Mason lent his skills to the ‘95 Fleetwood Mac album “Time.” Although hardly essential Mac, the disc does have its moments, including Mason’s rocker “Blow by Blow.”

Asked about the dynamics inside that famously drama-filled band, Mason says, “It was all pretty much pieced together in bits and pieces. I didn’t have anything to do with the tracks that Christine [McVie, Fleetwood Mac singer/keyboardist] did, for one thing. Nothing on there was laid down with the whole band playing — at all.”

That said, Mason does have fond memories of Fleetwood’s grooves during his time in the band. “He has a great feel unique feel, which is basically the most important part for a drummer.” On tour with Fleetwood Mac, Mason says he didn’t copy Buckingham’s signature licks. “I just basically just put my own spin on things,” he says.

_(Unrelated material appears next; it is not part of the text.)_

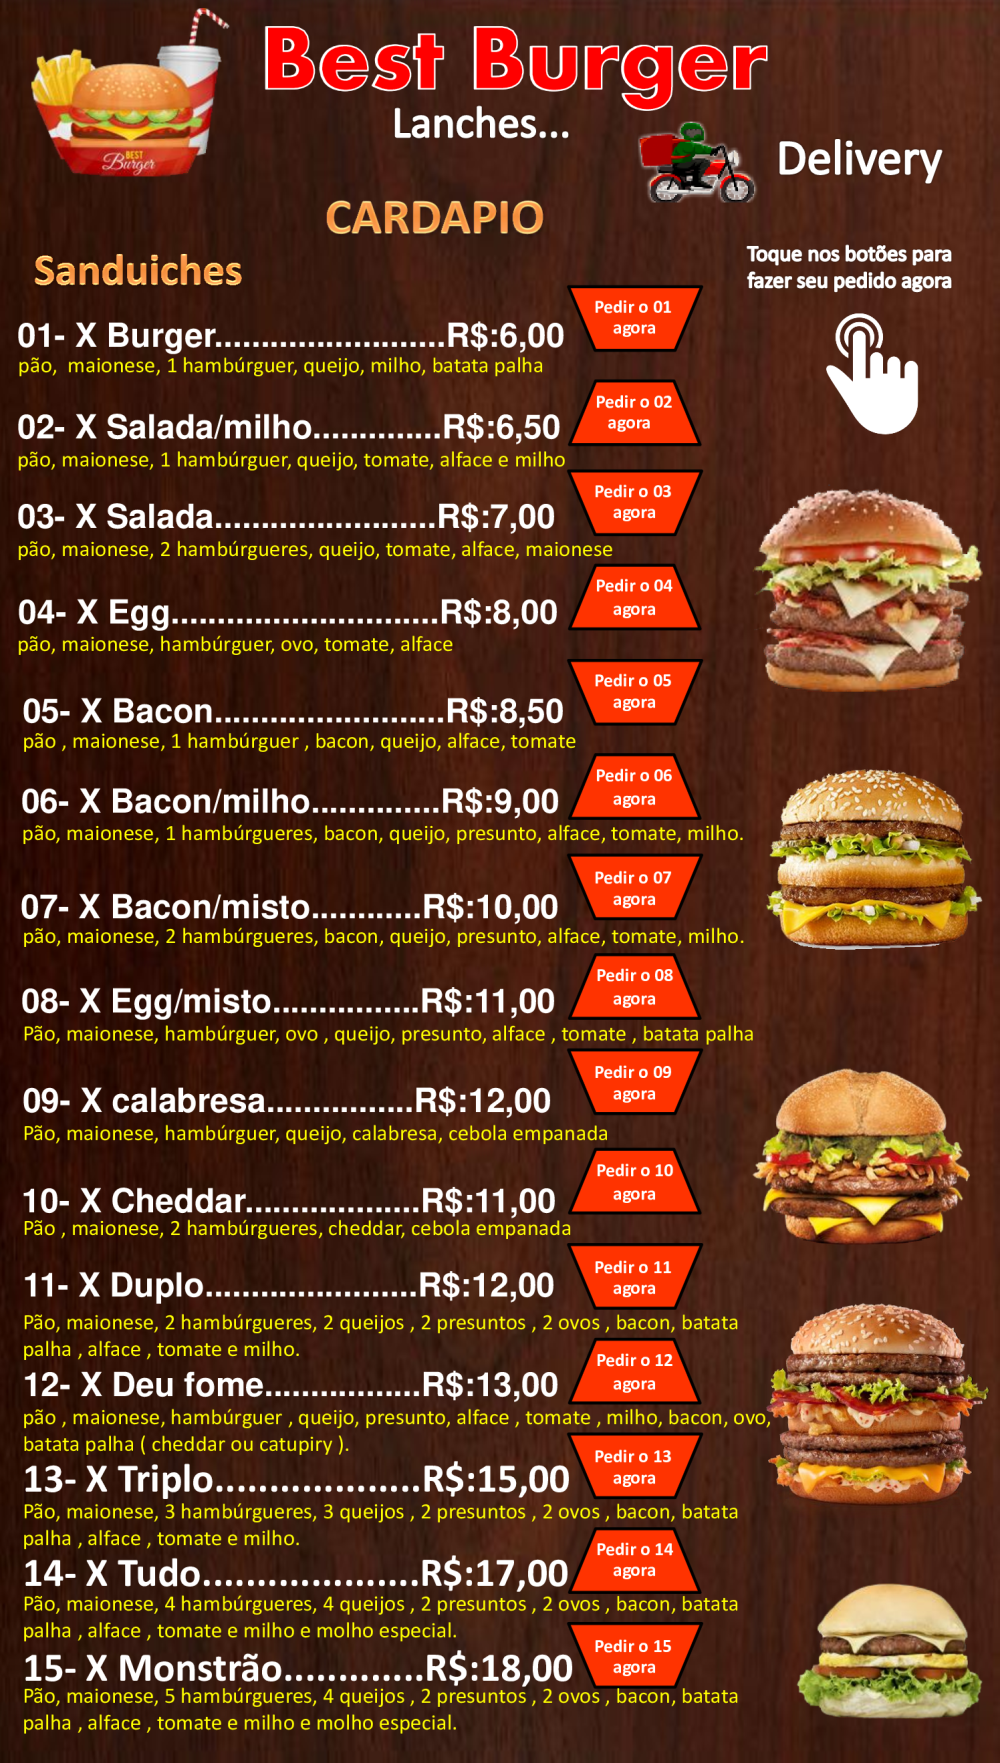 Cardapio Digital Best Burger - Baixar pdf de Doceru.com - cardapio de hamburguer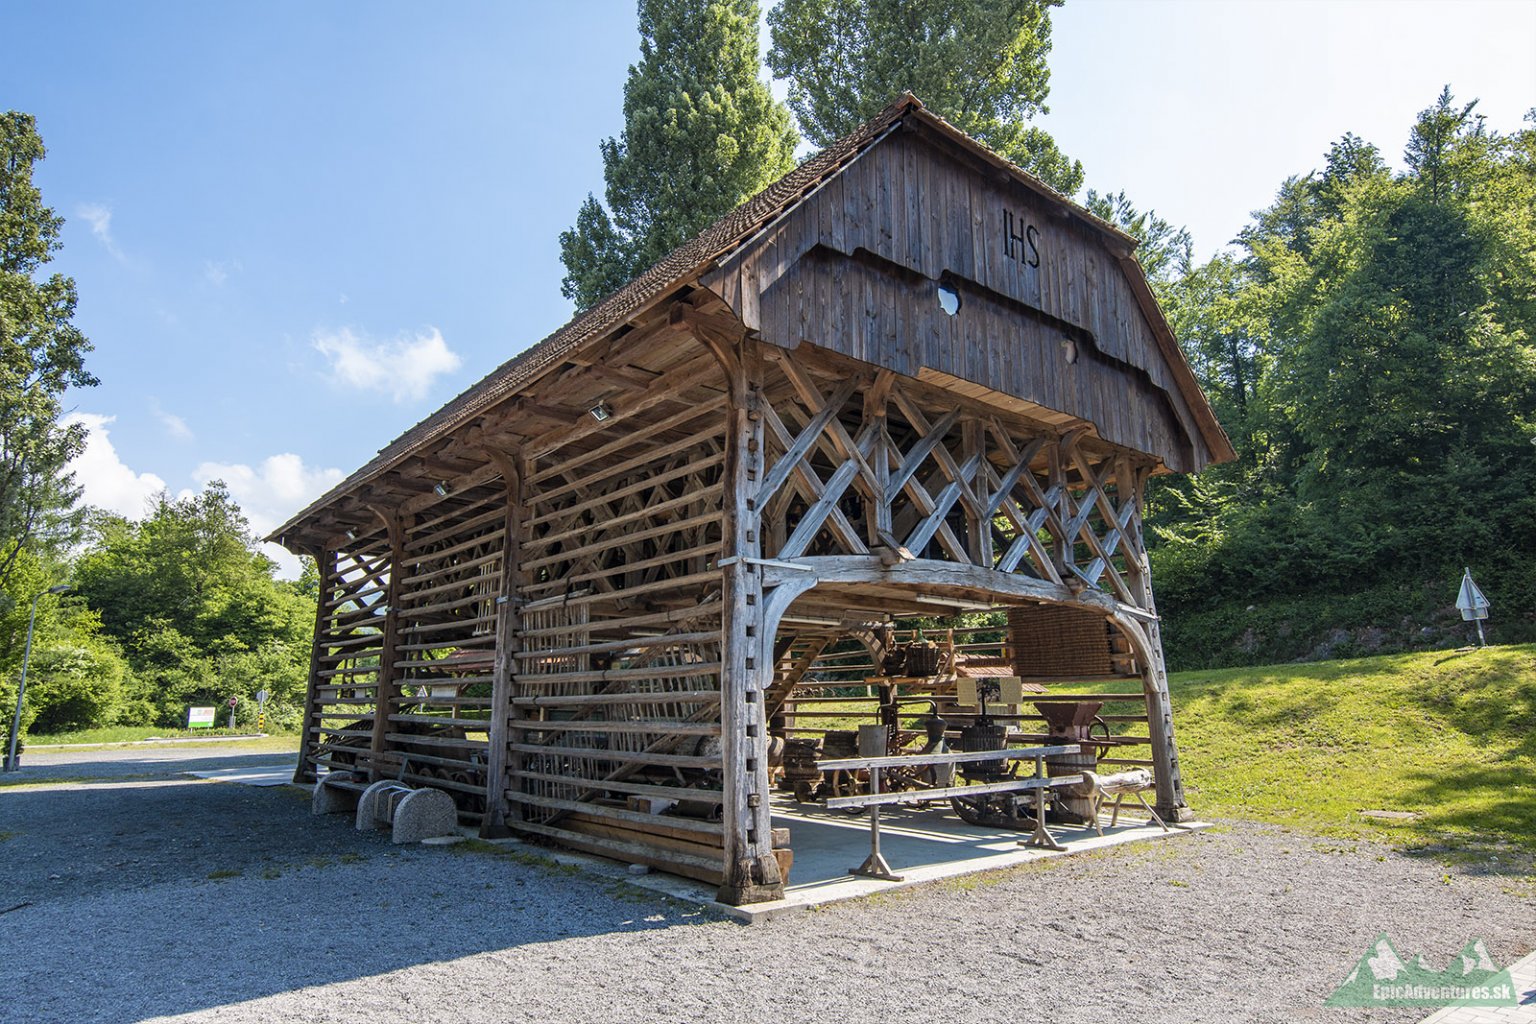 Tradičný kozolec, ktorý je typický pre slovinský vidiek. Slúžil prevažne na sušenie sena, obilia a kukurice;    Foto: epicadventures.sk

Over the years, Mason’s guitars of choice have included a Gibson Flying V and Firebird, Gretsch Country Gentleman, Fender Telecaster and various Stratocasters.

When Traffic did a 1994 reunion album and tour, Mason was not involved. The press release for Mason’s upcoming memoir describes his relationship with ex-bandmate Winwood as “complicated.” When I ask him about this, Mason replies, “I haven’t had a complicated relationship. He might have.”

Mason says the last time he saw Winwood was when Mason and his wife went to one of Winwood’s solo band shows, in San Diego in 2016. Looking back now at what made those early Traffic records special, Mason says it all came down to chemistry. As he puts it, “The right four guys together.”

Mason checks in for our phoner from Nashville, where he’s rehearsing for his upcoming tour, dubbed “Dave Mason’s Traffic Jam.” As one would guess, the setlist is stocked with Traffic and Mason classics, as well as “All Along the Watchtower.” His band includes keyboardist Mark Stein, known for his work with ‘60s band Vanilla Fudge.

The key to playing Traffic songs the right way? Mason says, “The same as playing Dave Mason songs — great musicians.”

Mason wrote his memoir with the help of Chris Epting, who previously cowrite rock books by the likes of Hall & Oats’ John Oates and Def Leppard guitarist Phil Collen. “The book is really my journey,” Mason says. “My life until this point.” And what a journey it’s been.

Dave Mason’s Traffic Jam comes to the Oxford Performing Arts Center in Oxford, Alabama 7 p.m. Saturday. Tickets start at $30 plus applicable fees via oxfordpac.org. March 29, the tour hits the Montgomery Performing Arts Centre. That show starts at 7 p.m. and tickets are $32 and up plus fees via ticketmaster.com. More info at davemasonmusic.com.